SUPPLIED MATERIAL »
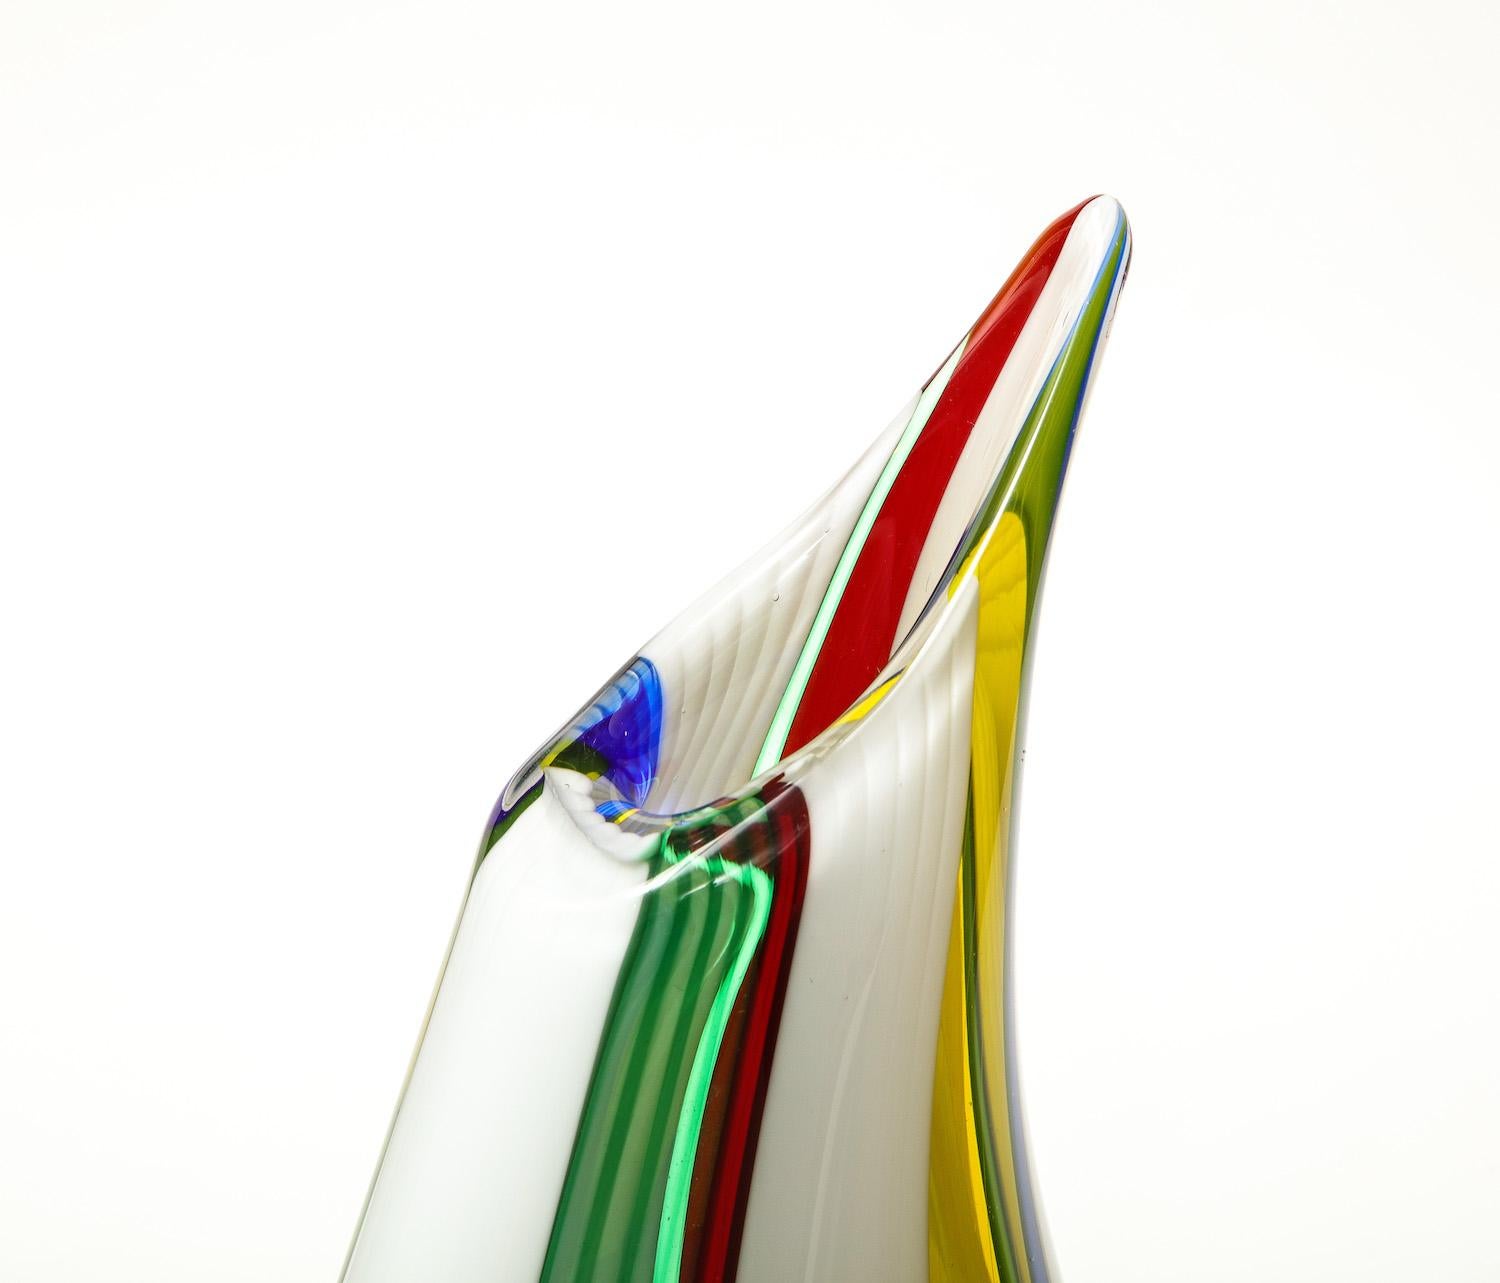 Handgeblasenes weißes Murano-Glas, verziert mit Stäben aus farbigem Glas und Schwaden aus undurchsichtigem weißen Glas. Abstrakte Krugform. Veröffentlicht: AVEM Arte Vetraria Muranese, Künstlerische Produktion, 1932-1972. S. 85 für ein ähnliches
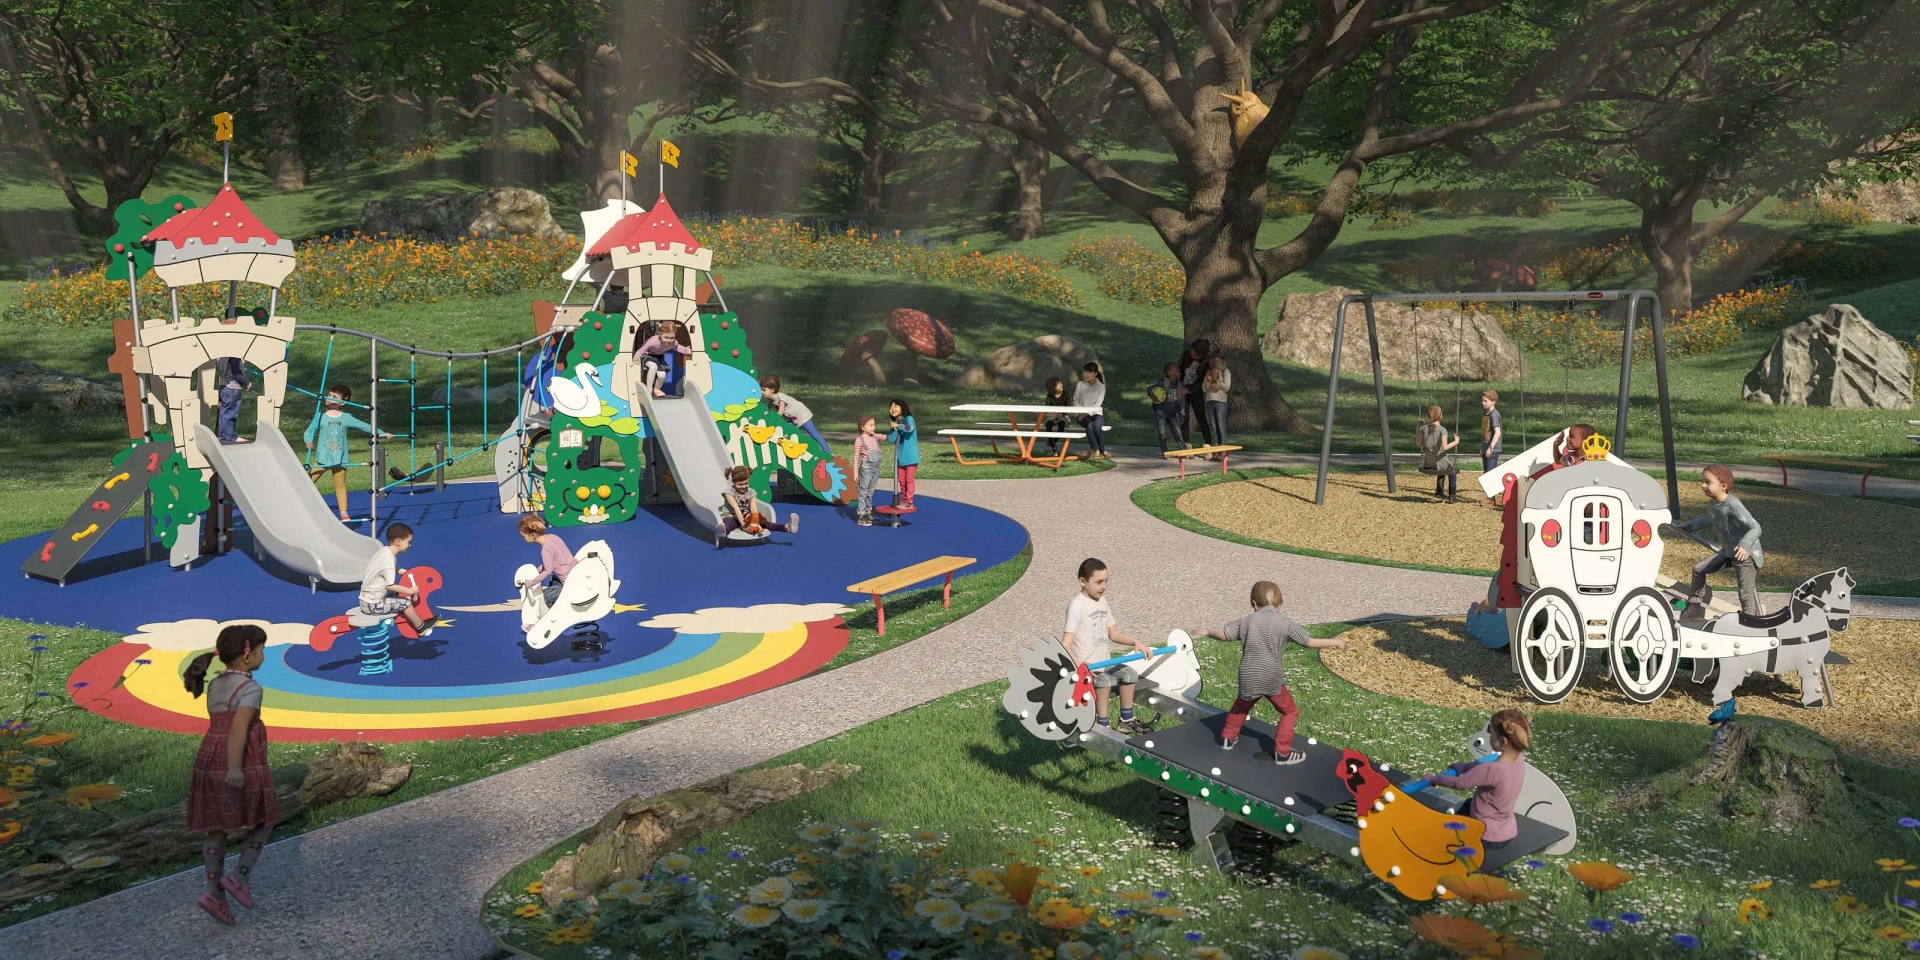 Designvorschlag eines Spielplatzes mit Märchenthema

---

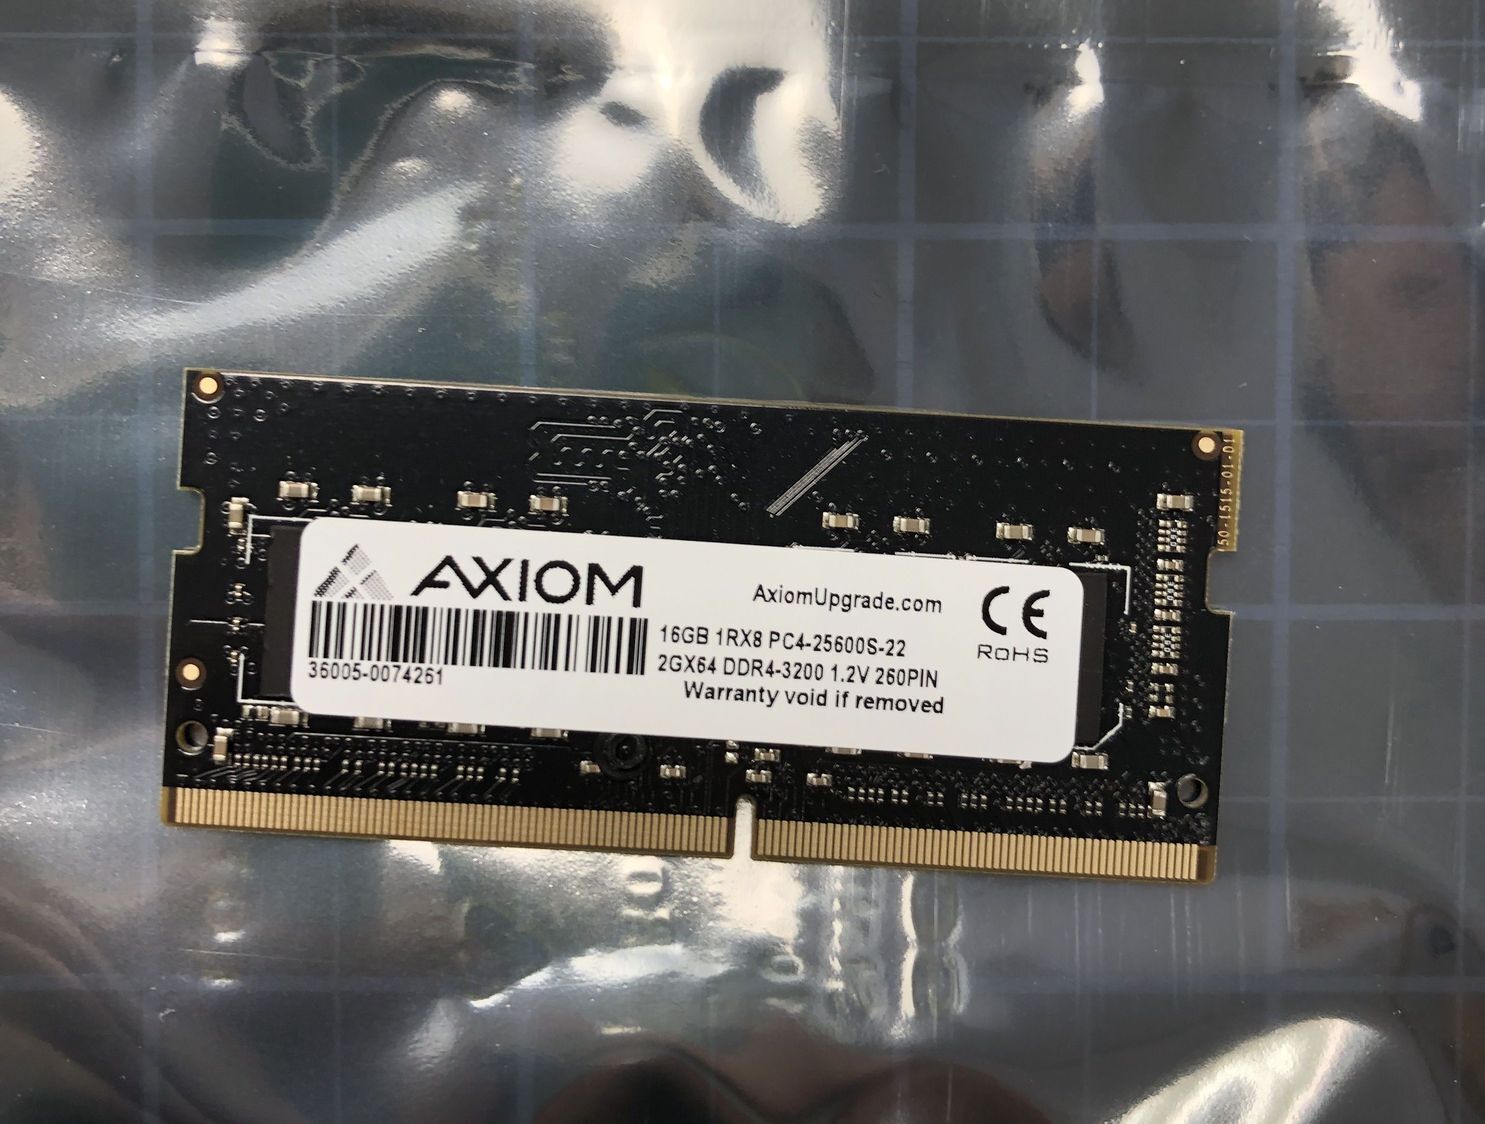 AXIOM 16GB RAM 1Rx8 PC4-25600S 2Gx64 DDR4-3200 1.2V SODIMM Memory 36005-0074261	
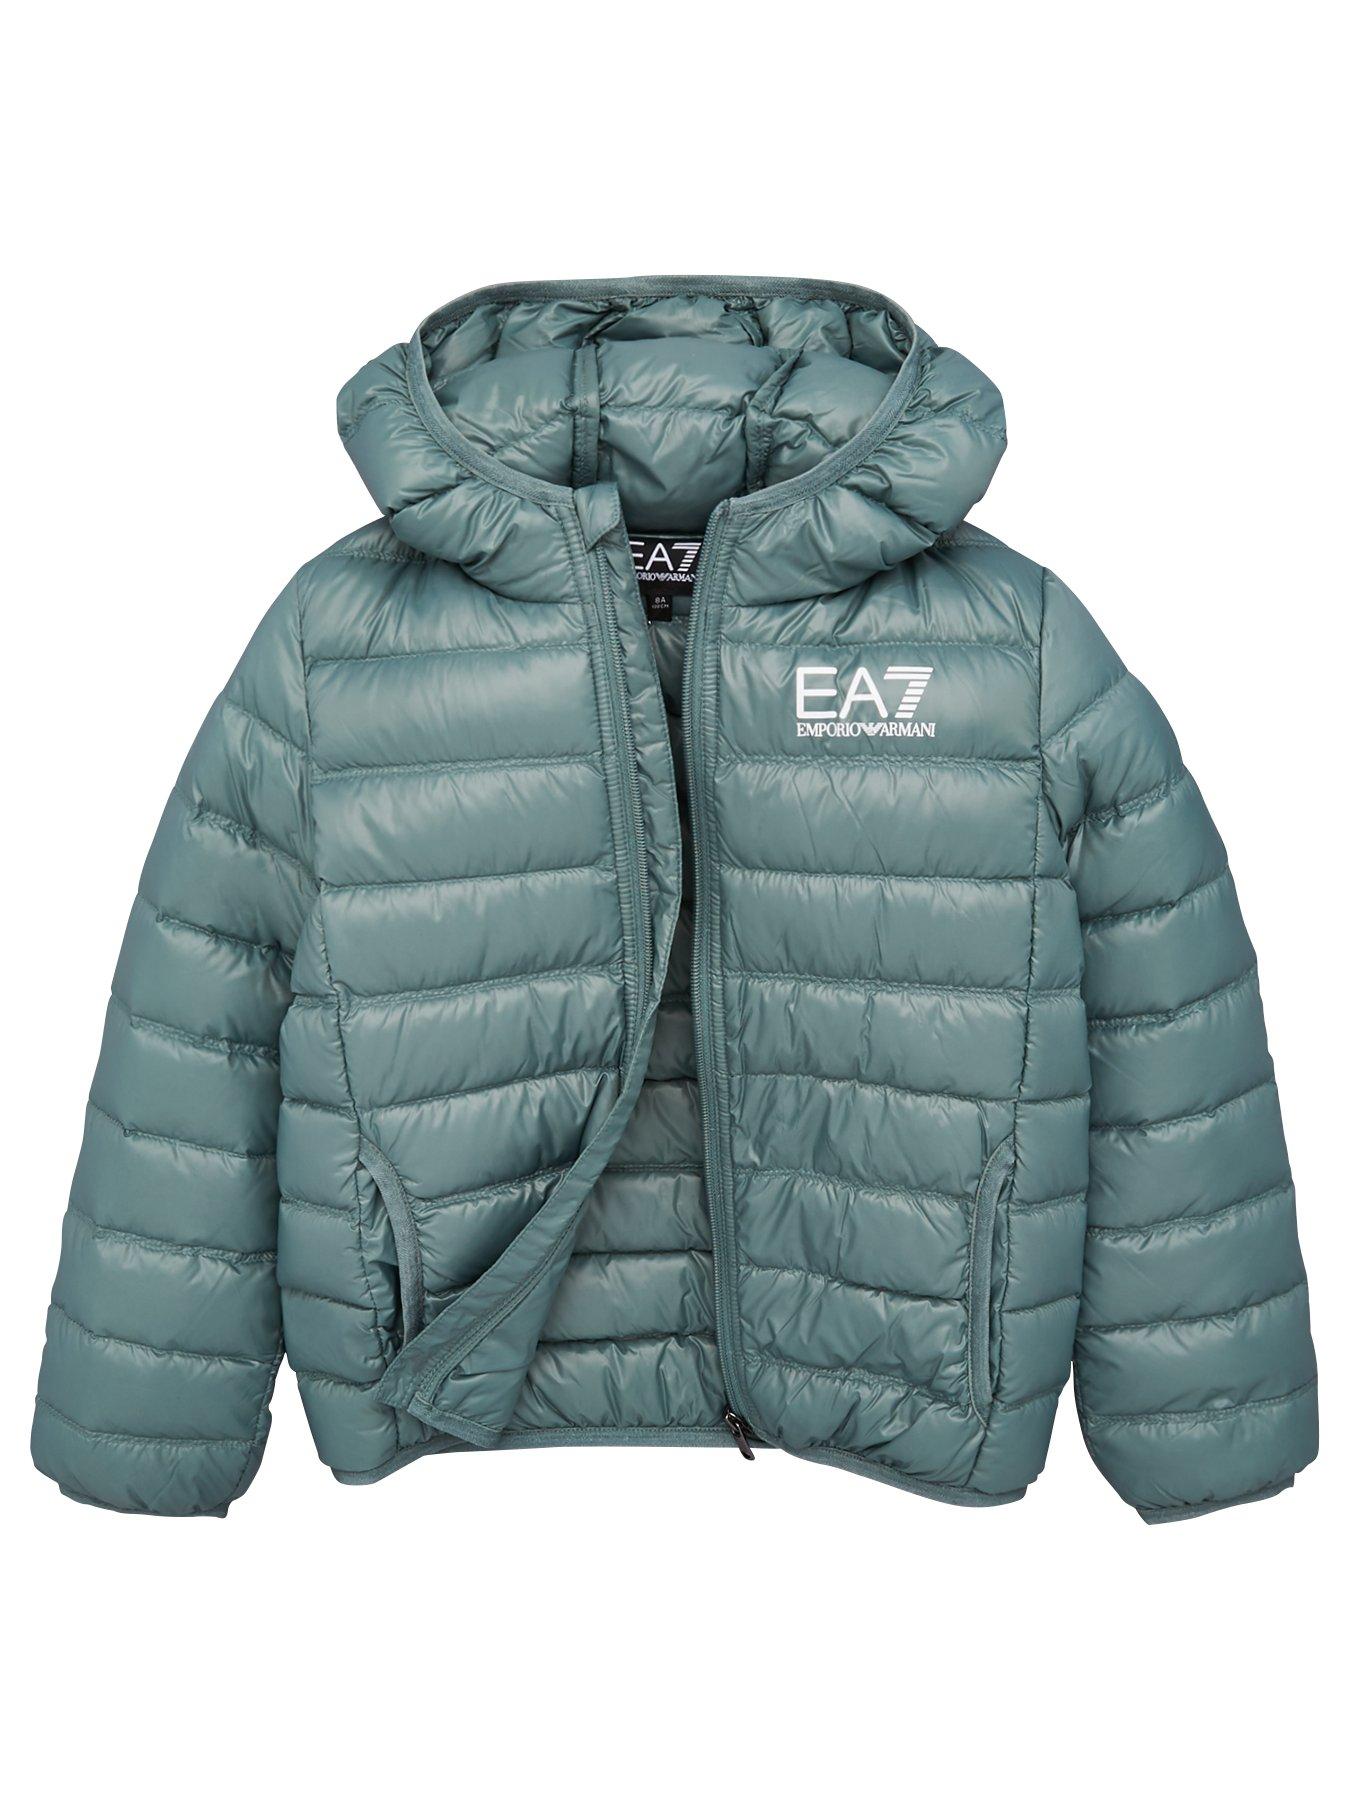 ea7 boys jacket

TRY IT » Using the material above, transcribe exactly the lines from the one holding "Handgeblasenes weißes Murano-Glas, verziert" to the one holding "Designvorschlag eines Spielplatzes", both ends kept. Do not carry over any pictures.

ANSWER TO THE EXERCISE »
 Handgeblasenes weißes Murano-Glas, verziert mit Stäben aus farbigem Glas und Schwaden aus undurchsichtigem weißen Glas. Abstrakte Krugform. Veröffentlicht: AVEM Arte Vetraria Muranese, Künstlerische Produktion, 1932-1972. S. 85 für ein ähnliches
 Designvorschlag eines Spielplatzes mit Märchenthema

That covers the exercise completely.